Pelligrino Morano, New York’s Camorra

Pelligrino Morano, New York’s Camorra



At the turn of the 20th century, there was a proliferation of street gang, in New York, there were the black hand gangs. The Morello Mafia family of East Harlem, led by Giuseppe “the Clutch Hand” Morello, along with his half-brothers Nick, Vincenzo, and Ciro Terranova, was a Mafia family that occasionally crossed over to Blackhand activities
Opposing them were two Camorra gangs, one led by Pellegrino Marano in Coney Island and the other led by Alessandro Vollero. The Camorra may have shared a common origin, but they were much less tight-knit than the Mafia
For nearly a decade, these rival factions had left each other alone to their respective trades.
Gambling, prostitution, and drugs were the Camorra gangs rackets, the black handers generally ran gambling.
Pelligrino Morano, was an early leader of the Brooklyn (Coney Island) Camorra which met at his restaurant, the Santa Lucia.
Morano started to expand his operations into territory long held by Blackhanders
The Blackhand responded to the onslaughts of the Camorra in October of 1914, by murdering Morano’s top man, Nicolo (Nick) Del Gau-dio of the Del Gau-dio brothers who controlled gambling in East Harlem.
DelGaudio and his brother Gaetano had once worked closely with Gio-sue Gallucci, the politically connected East Harlem crime boss, and with the remnants of the Morello-Lupo Mafia (Giuseppe Morello and Ignazio Lupo were locked up in Atlanta Federal Prison during the decade).
Del Gaudio lived at 2029 First Avenue in East Harlem. (The building still stands) He owned a restaurant nearby at 2023 First Avenue although the police believed his restaurant was merely a front for illegal activities.
In February 1913, he was suspected in an unsuccessful attempt on Gallucci’s life that resulted in the death of Gallucci bodyguard Tony Capilongo.
That spring, Del Gaudio fled the US for Italy. And returned a year later in 1914.
On October 14, 1914, DelGaudio and his friend Tancredi Dellabado met at First Avenue and walked toward a garage where DelGaudio kept his automobile. As they passed a stable at 421 East 104th Street, (long gone and replaced with apartment buildings) a gunshot rang out. DelGaudio fell mortally wounded, and Dellabado ran off. Police later found a shotgun inside an upstairs front window over the stable. Along with it was a hat they traced to Francisco Ruggiero of 403 East 106th Street. Ruggiero was arrested.
His brother Gaetano DelGaudio managed to remain alive for another two years. In the early morning hours of November 30, 1916, he was shot while working in his restaurant, 2031 First Avenue. He died a short time later in a hospital, after refusing to name his murderer.
In retaliation for (Nick) Del Gaudio’s murder, Morano probably planned and engineered the murders of Nicholas Morello and Charles Un-bri-aco by luring them to a peace conference in Brooklyn in 1916.
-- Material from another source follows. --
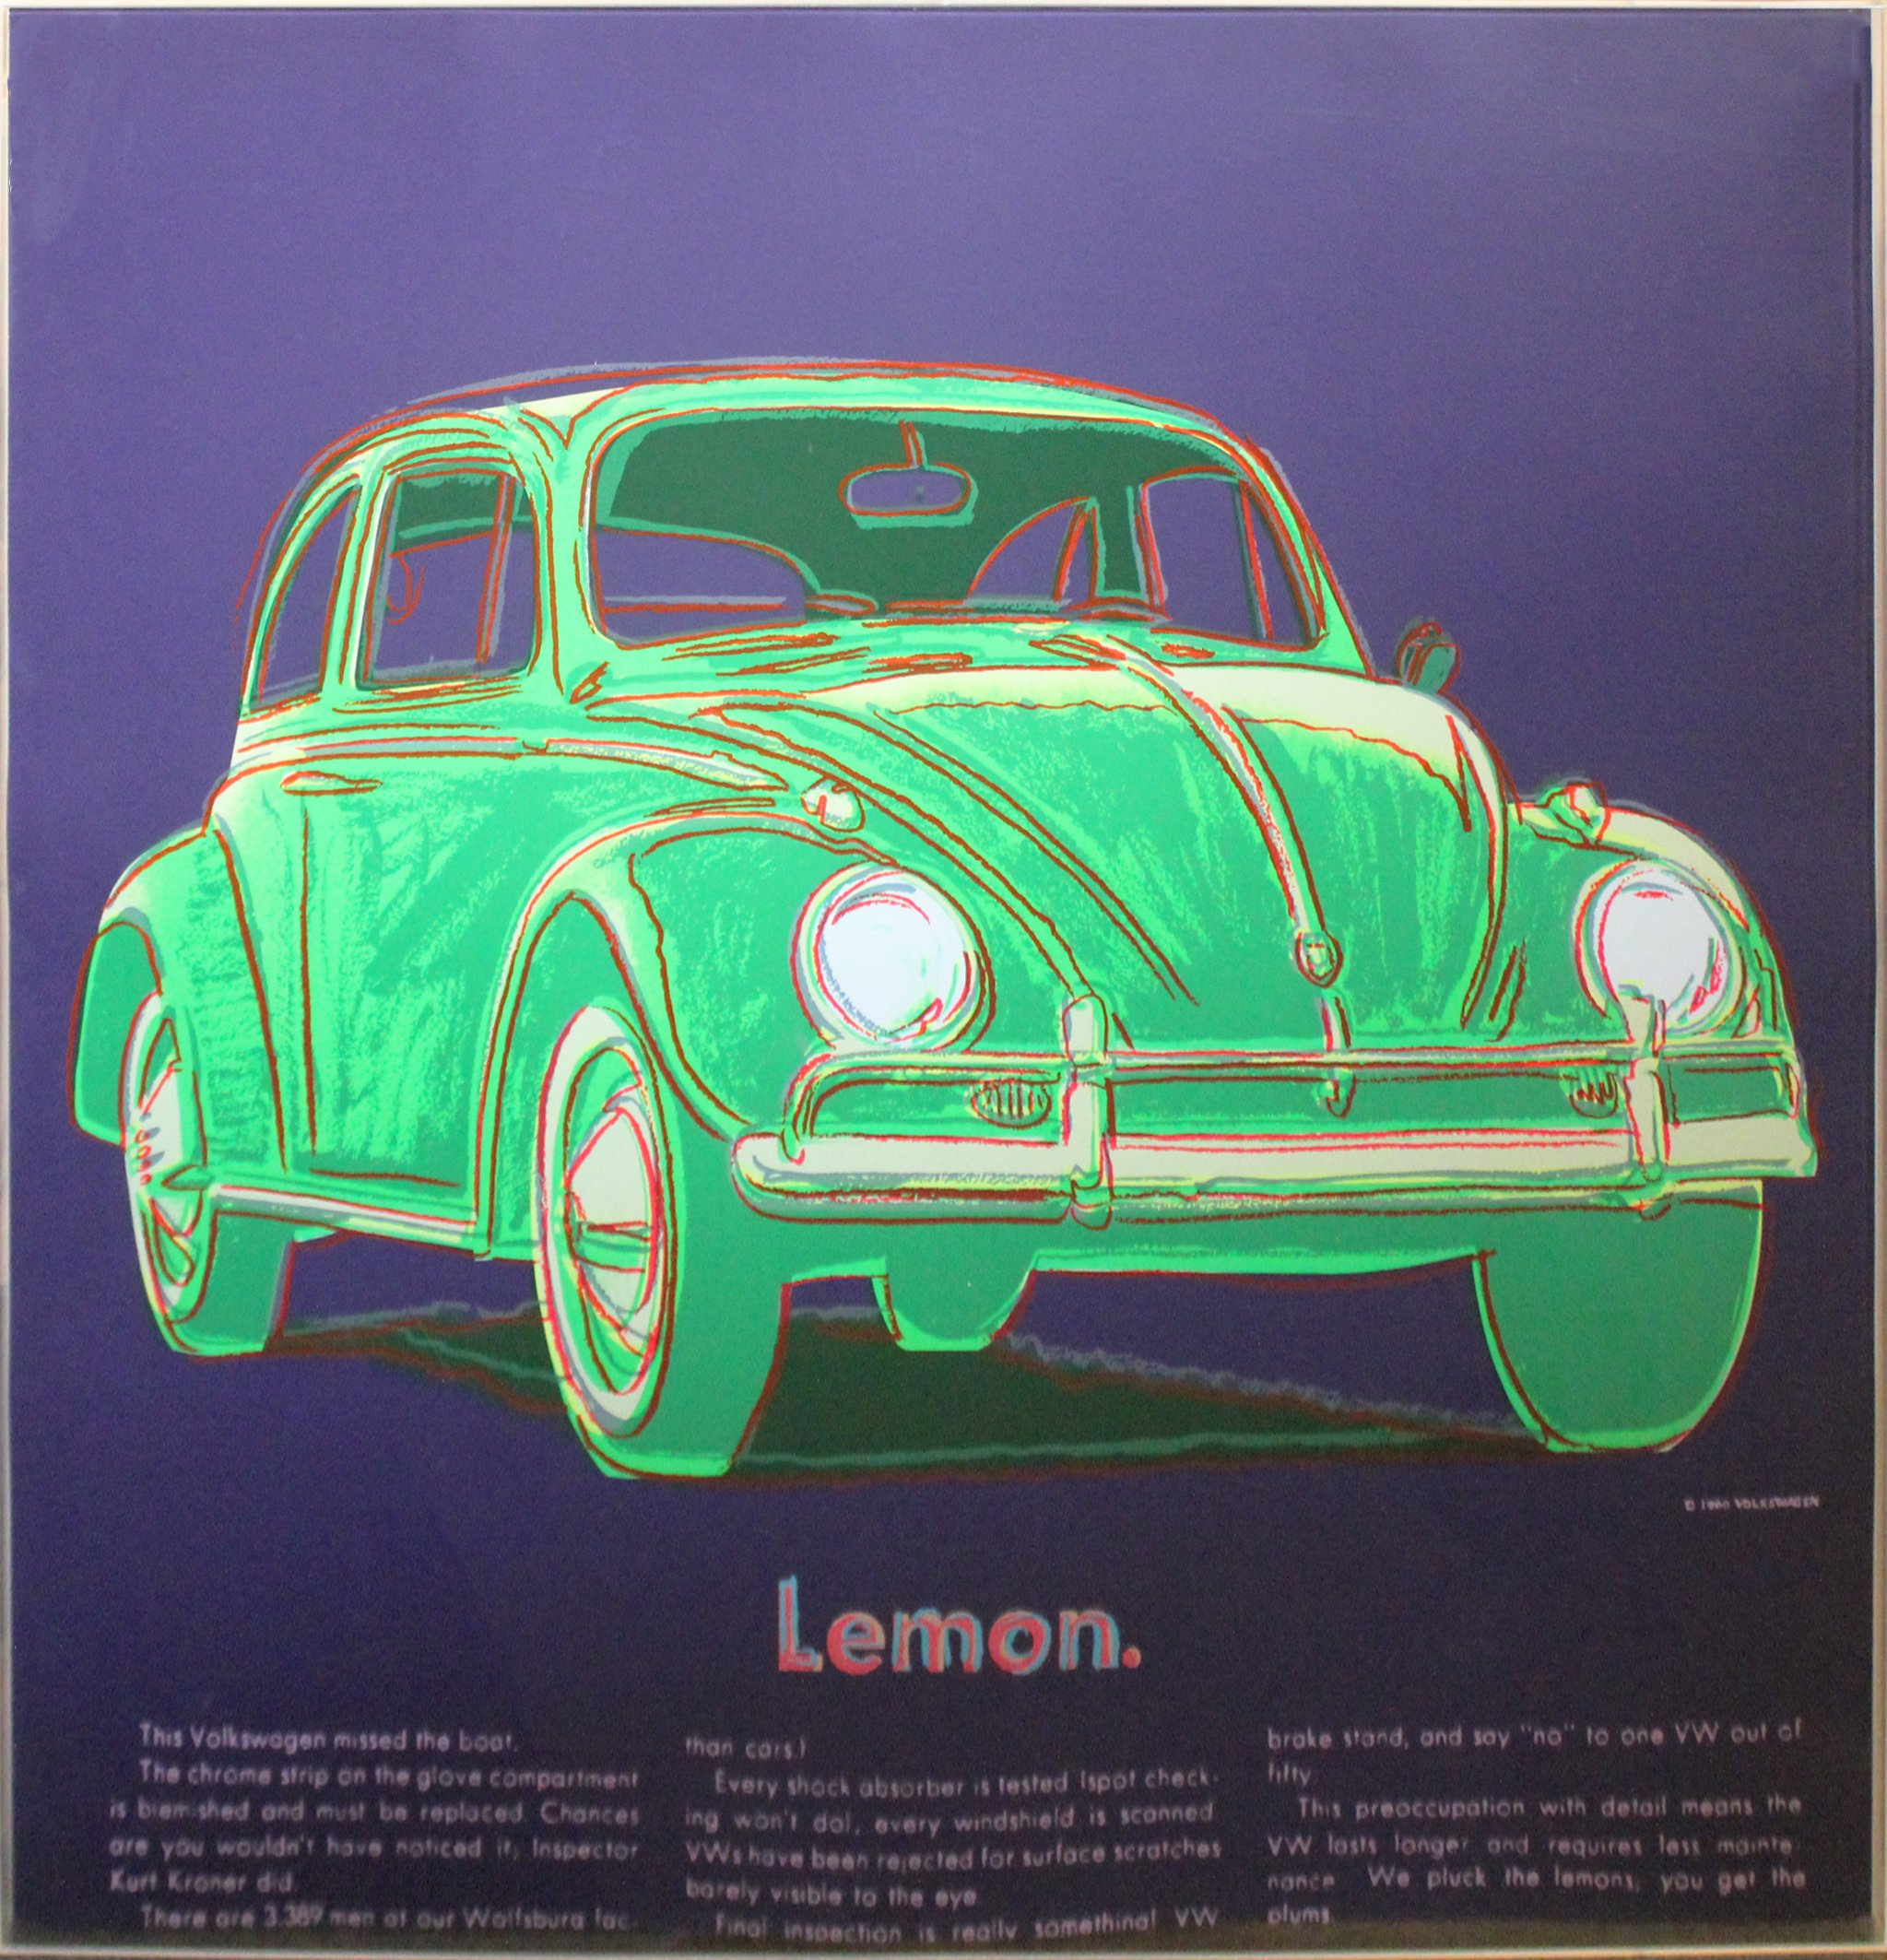  Andy Warhol  (1928-1987)   Volkswagen from ADS , 1985  Screenprint  From the numbered edition of 190  38 x 38 inches  Estimate: $60,000/$70,000  Sold for: $70,125 including premium

The murders sparked the Camorra-Blackhand war that lasted from about 1914 through 1917.
Marano invited the Terranova brothers and three other Mafia captains to Navy Street, under the false pretense of discussing an amicable way to divide their rackets.
In preparation for the meeting, Marano’s men prepared bullets smeared with garlic and pepper, believing that this would infect their rivals’ wounds and ensure their deaths long after the shootout.
On September 7, 1916 only Nick Terranova and Eugene Ubriaco showed up for the meeting but Marano went ahead with the plan anyway, murdering both of them. Blindsided, the Mafia was still in a state of disarray and confusion when Marano followed up this ambush by quickly killing six more Morello soldiers.
During that outbreak, in 1917, a Black Hander named Giuseppe Favarro was killed by “Torpedo” Tony Notaro and Ralph Daniello, two members of the Camorra who worked for Pelligrino Morano. Notaro and Daniello were arrested for the Favarro murder.
But before his arrest Daniello, a small-time member of the Navy Street gang, fled to Reno Nevada with his 16-year-old girlfriend after being acquitted of robbery and abduction charges.
When Vollero refused to pay him after his money had run out, he penned an angry letter to the NYPD’s Italian Squad offering to sell information.
Over the span of nearly two months, Daniello told the police everything he knew, solving almost two dozen murders and providing leads for hundreds of open cases. At the time, it was the biggest mob confession in history, and the effect was immediate. Within weeks, dozens of Camorra members were arrested.
Tony Notaro also turned states evidence. Both gunmen testified that Morano had ordered the murder of Morello and Unbriaco. Morano was arrested and convicted in the murders and sent to prison for over a decade.